§ Task to carry out
Exact reproduction of all the data is required, with pictures excluded.

§ Given data
******

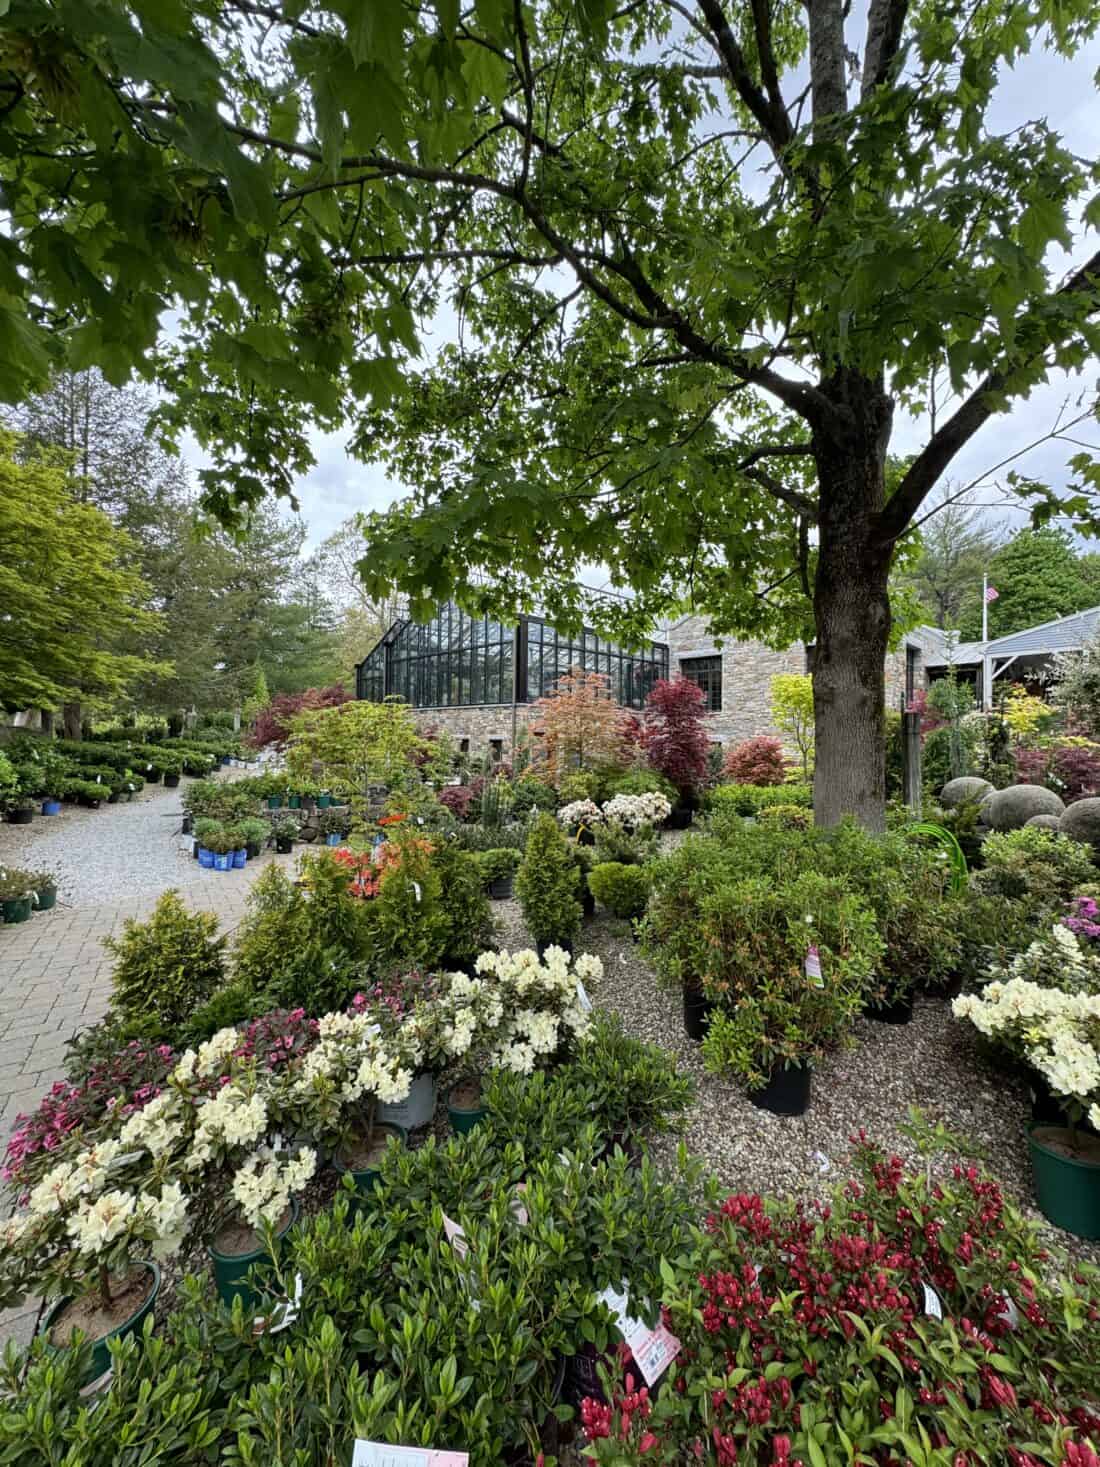 A lush Boston garden center displays a variety of potted plants and flowers, including blooming white and red azaleas. In the background, a greenhouse is partly visible among tall green trees under a cloudy sky. A gravel path winds through the vibrant display.
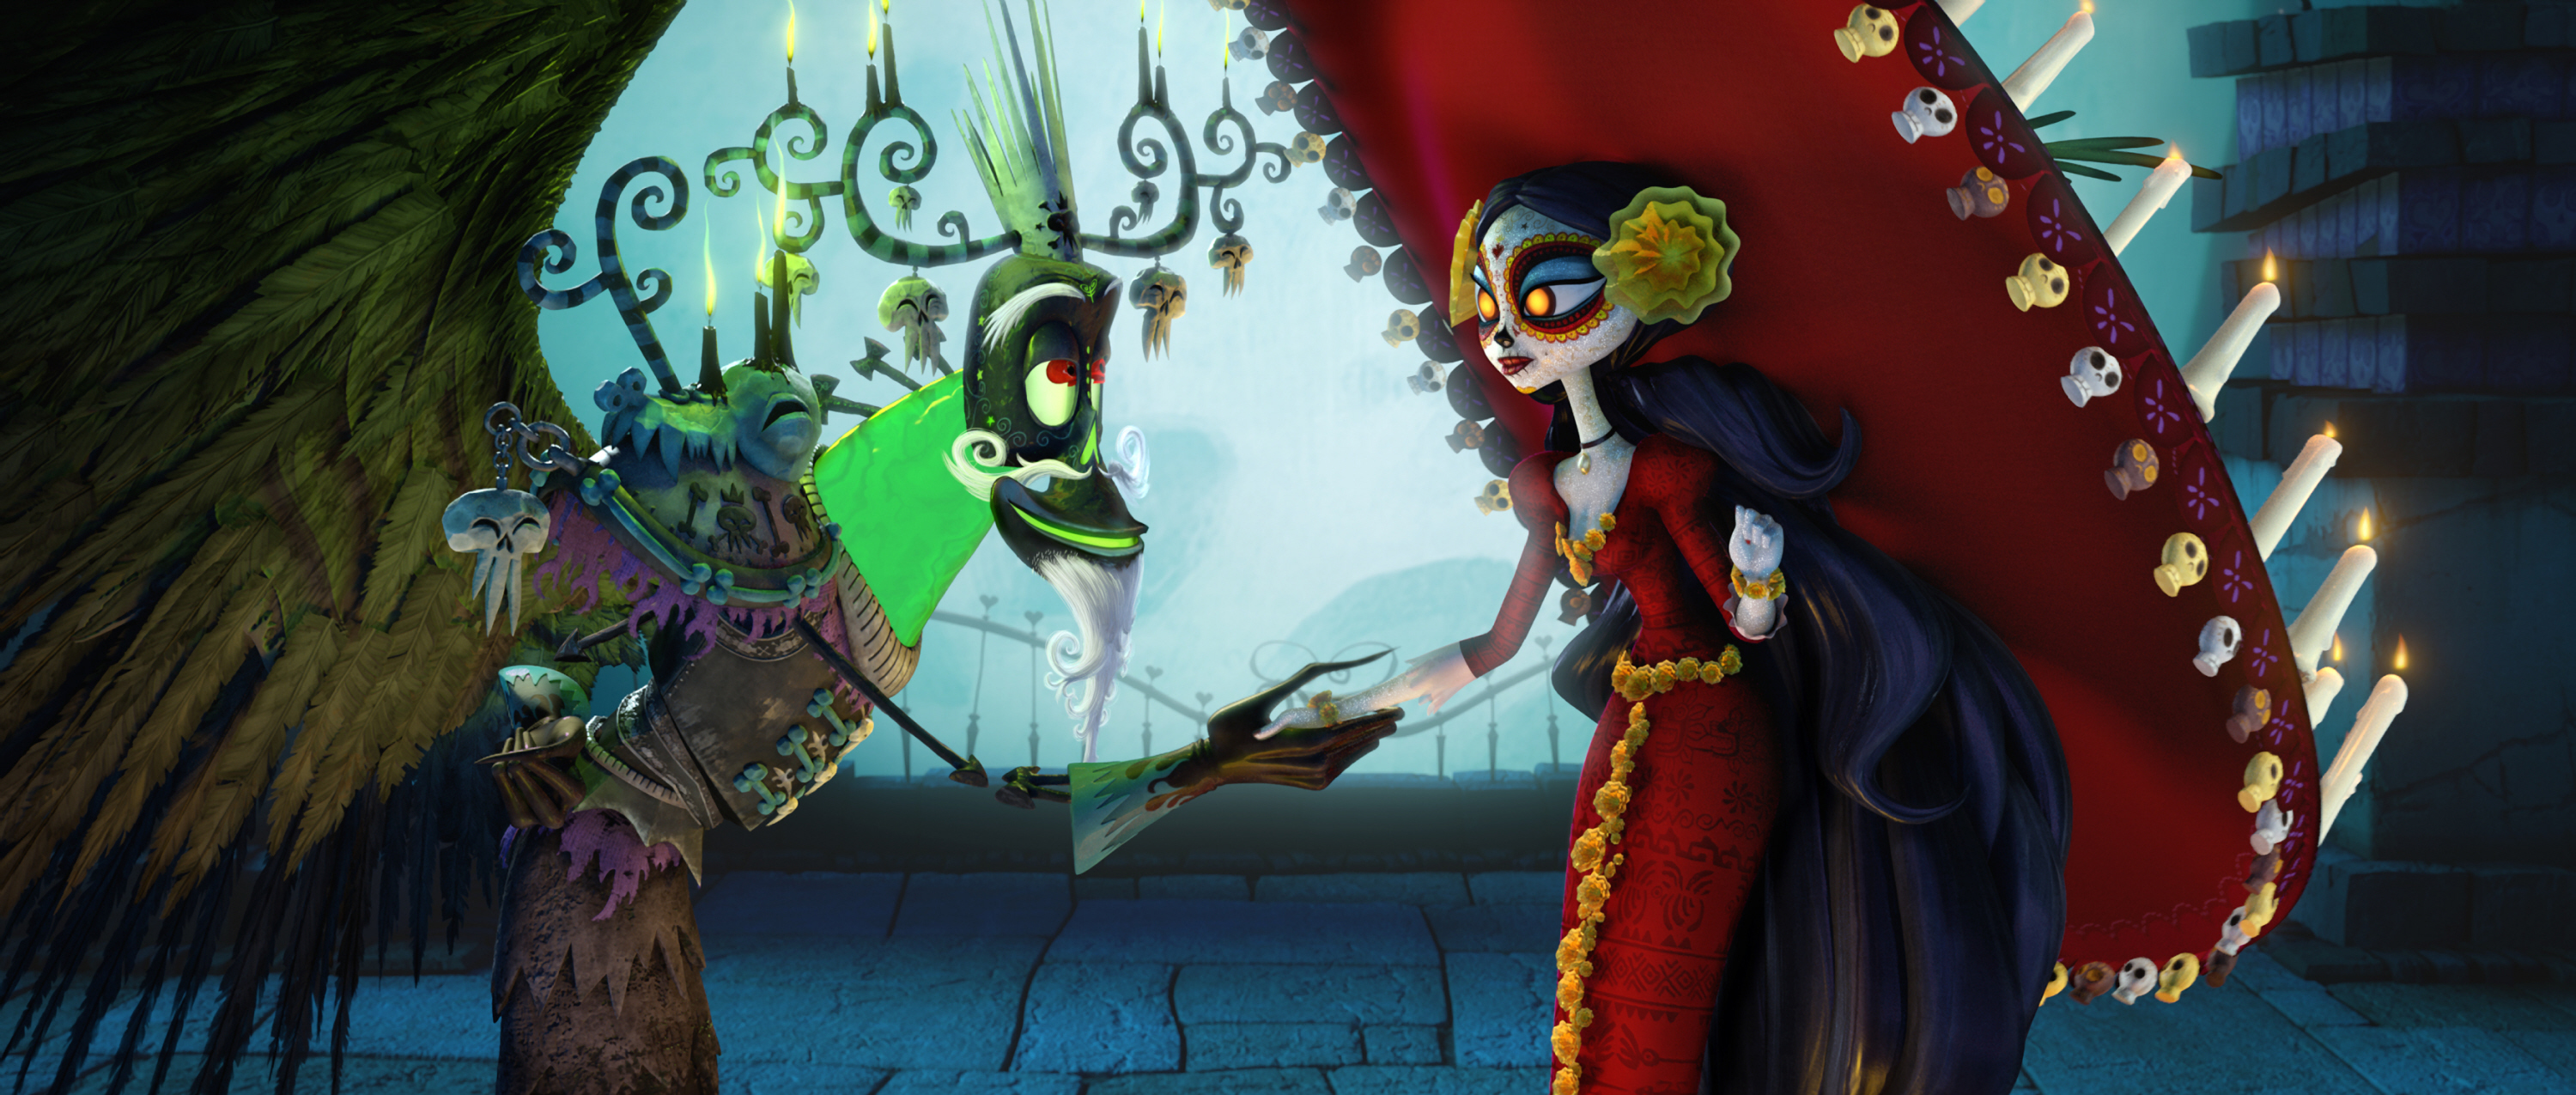 Scene from The Book of Life.
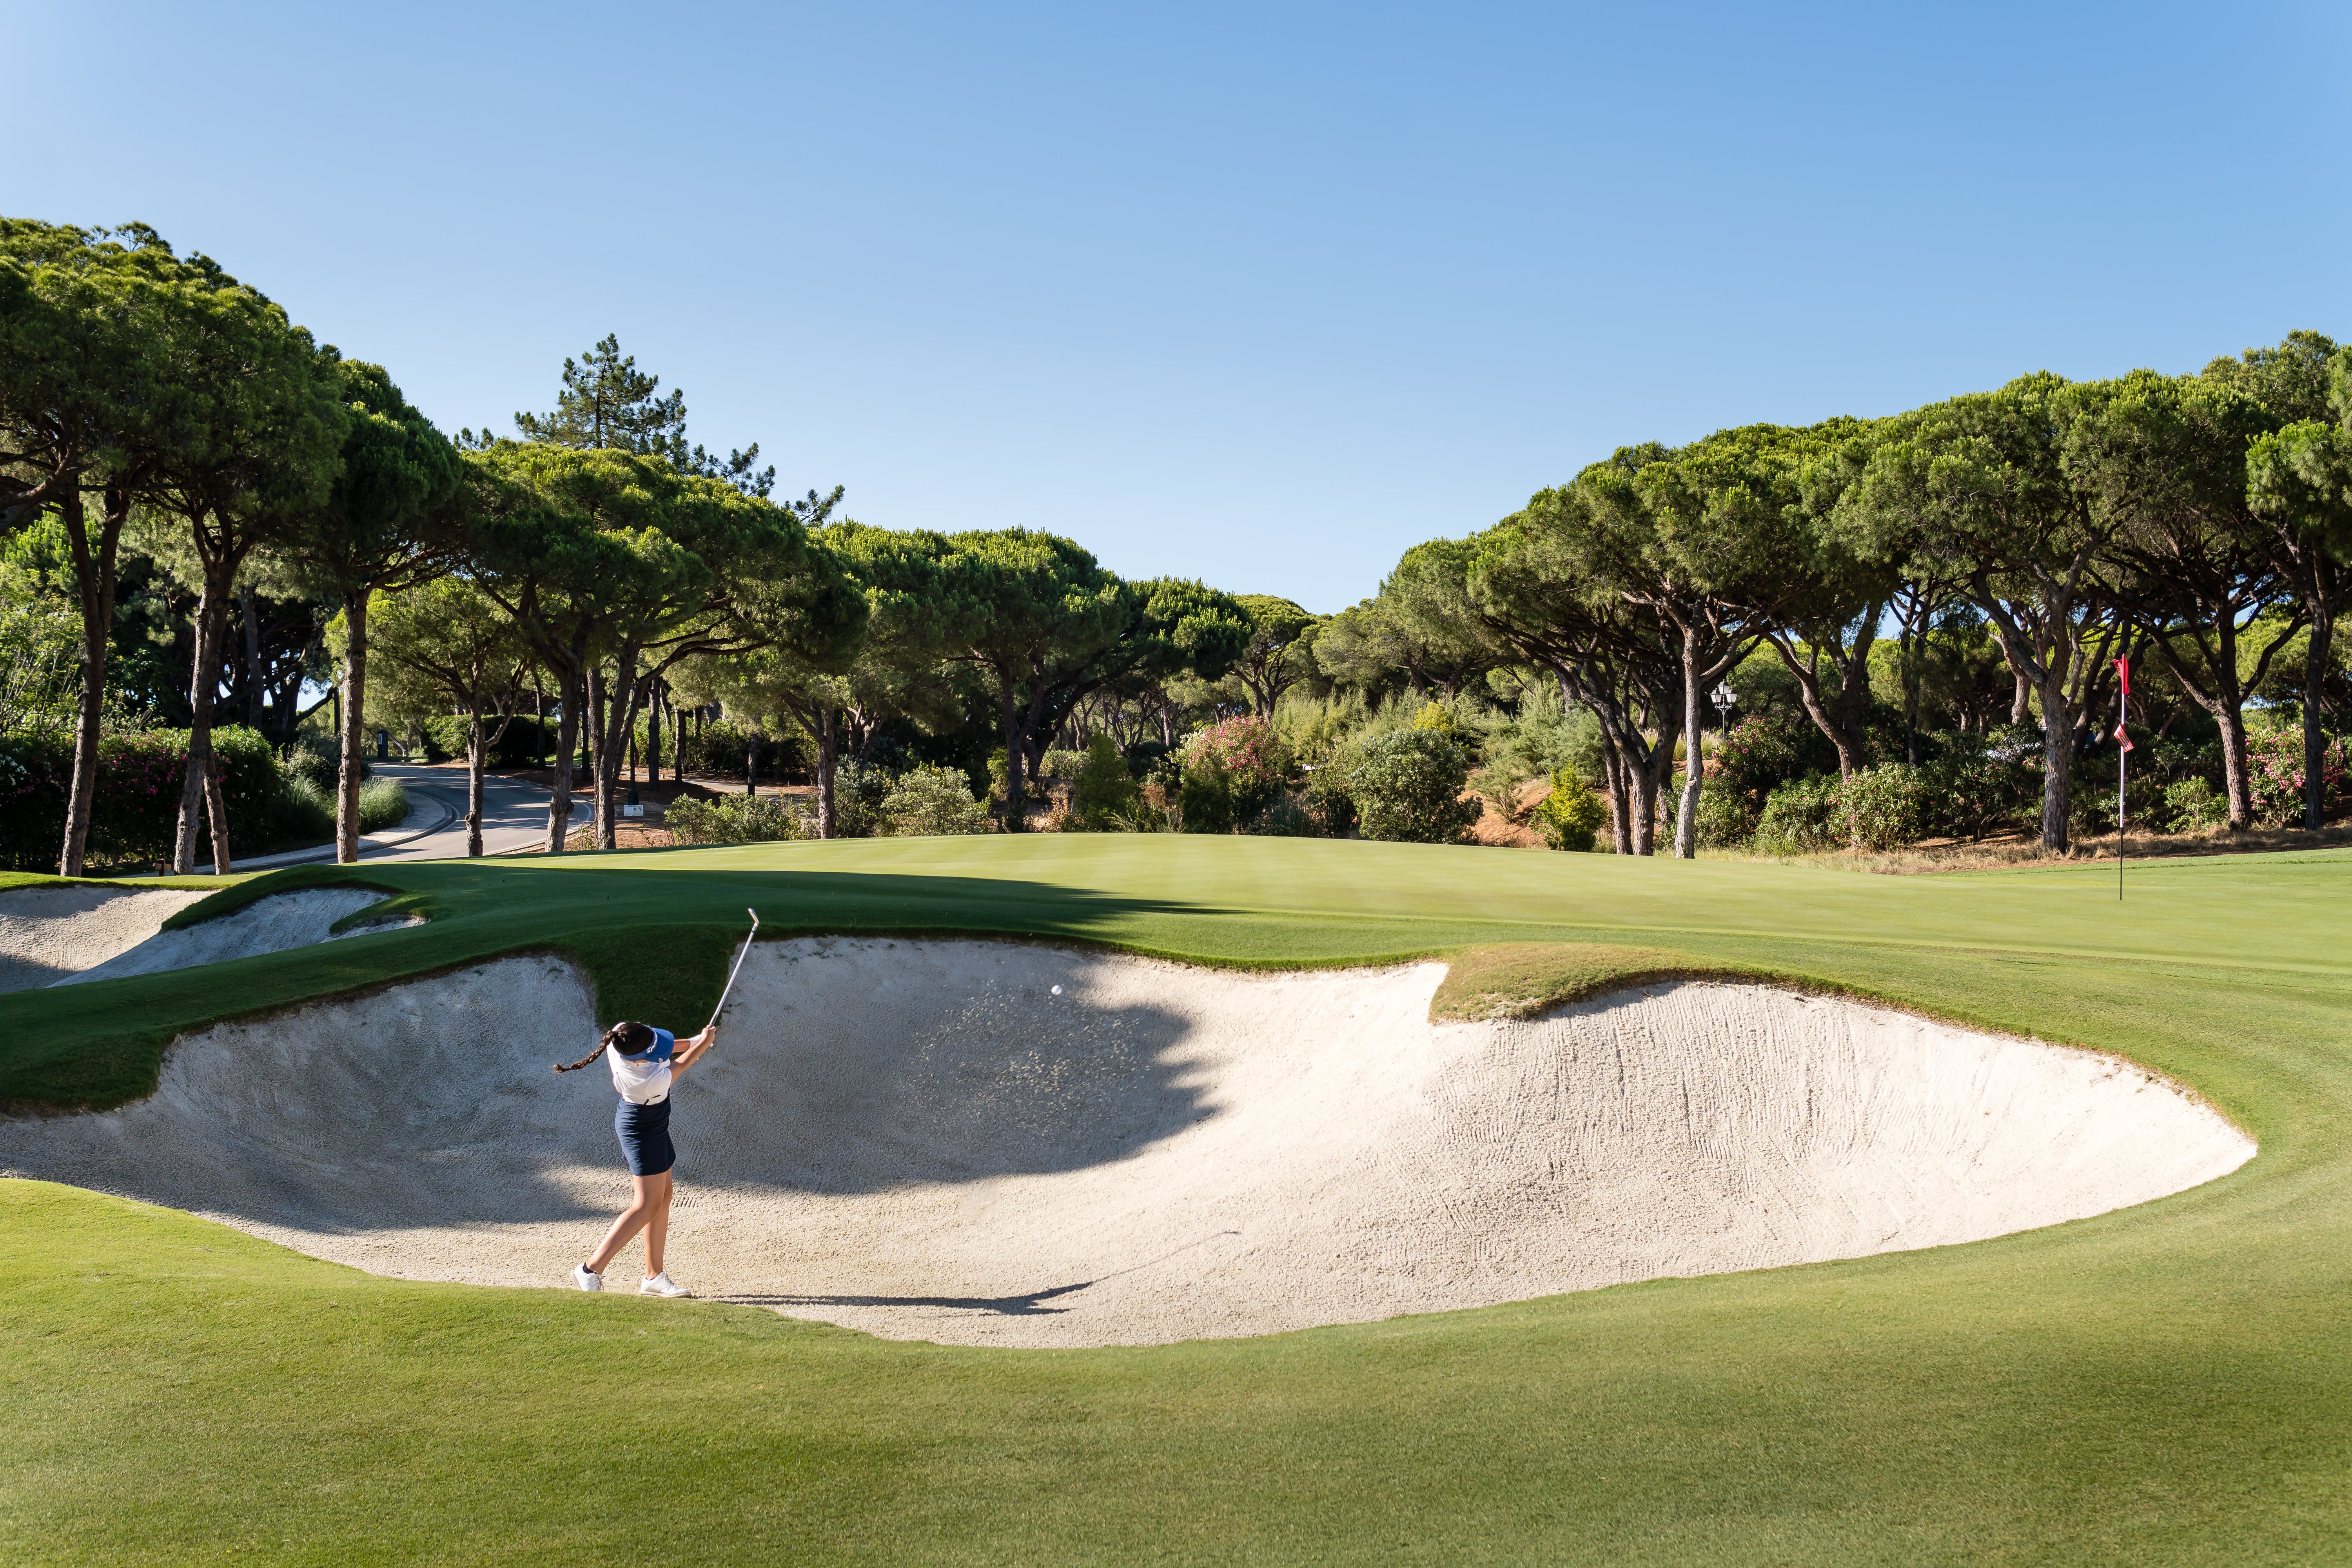 With over 40 courses set amid stunning scenery, it’s no wonder golfers flock to the Algarve

******

§ Reply to the task
 A lush Boston garden center displays a variety of potted plants and flowers, including blooming white and red azaleas. In the background, a greenhouse is partly visible among tall green trees under a cloudy sky. A gravel path winds through the vibrant display.
 Scene from The Book of Life.
 With over 40 courses set amid stunning scenery, it’s no wonder golfers flock to the Algarve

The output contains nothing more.